Big Data Certification Course in Chennai

Big data certification courses un chenni

MapReduce-based HLQL

                             An important characteristic of all the four MapReduce-based HLQL, JAQL, Big SQL, Pig and Hive presented in this paper is that they are not limited to the core functionality of each language, which means they are all extendable by the used of UDF. These allow developers to provide more custom data formats and functions. Moreover, MapReduce-based HLQL are very important components in the Hadoop environment because they work on the top of MR as Big Data processing model. Further, MapReduce-based HLQL provide the interface to process large datasets stocked in HDFS.

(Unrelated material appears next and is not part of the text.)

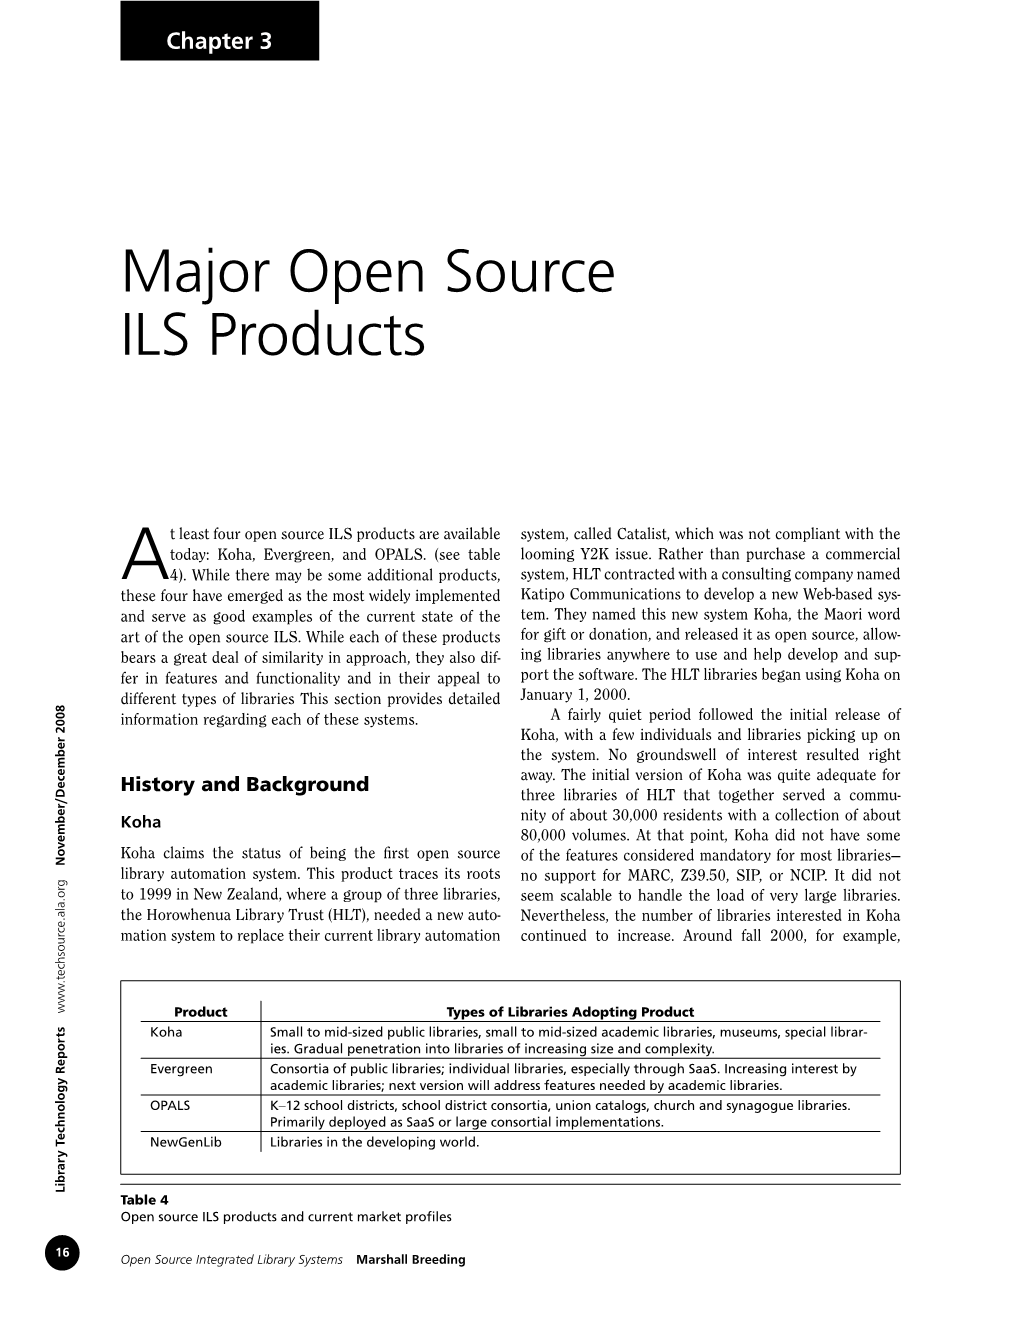 Major Open Source ILS Products

However, the following table lists the important functions, comments and different perspectives of the four MapReduce-based HLQL presented in this paper. big data certification course in chennai

JAQL is a weak high-level scripting language in term of running time and Turing Complete, while the other MapReduce-based HLQL are not (Fig. 6). Based on the results achieved in this paper, JAQL does not competitive with the running time performance of Big SQL, Hive and Pig as shown in “Increasing input size metric” and “Scale-out number of nodes” sections. However, it does not change much performance by adding additional nodes, as shown in Fig. 12. JAQL shows similar query runtime performance to Hive, but the flexibility is still needed.

Furthermore, JAQL is designed to enable developers to use MR framework when it is needed, such low-level characteristics with declarative data-flows.

[ Big Data Certification Course in Chennai  @DATAZ ]

Hadoop Framework

Big SQL is the most concise language, with an average ratio with MR Java of just 4.9%, as shown in Table 1. It presents the new-generation of SQL on Hadoop framework. In fact, for the previously mentioned constructs, it is exactly native SQL. The Big SQL engine supports joins, grouping, unions, common table expressions, and other familiar SQL expressions. The Big SQL LOAD command simply read and moves data directly from several relational DBMS systems as well as from files stored locally or in HDFS. Big SQL can use Hadoop’s MR framework to process various query tasks in parallel or execute the queries locally within the Big SQL server whichever may be most appropriate for these queries. Big SQL has shown up a challenge for comparative studies like this report. In addition to the fact that these languages are comparatively new, they are moving targets when trying to build fair and relevant performance and feature comparisons.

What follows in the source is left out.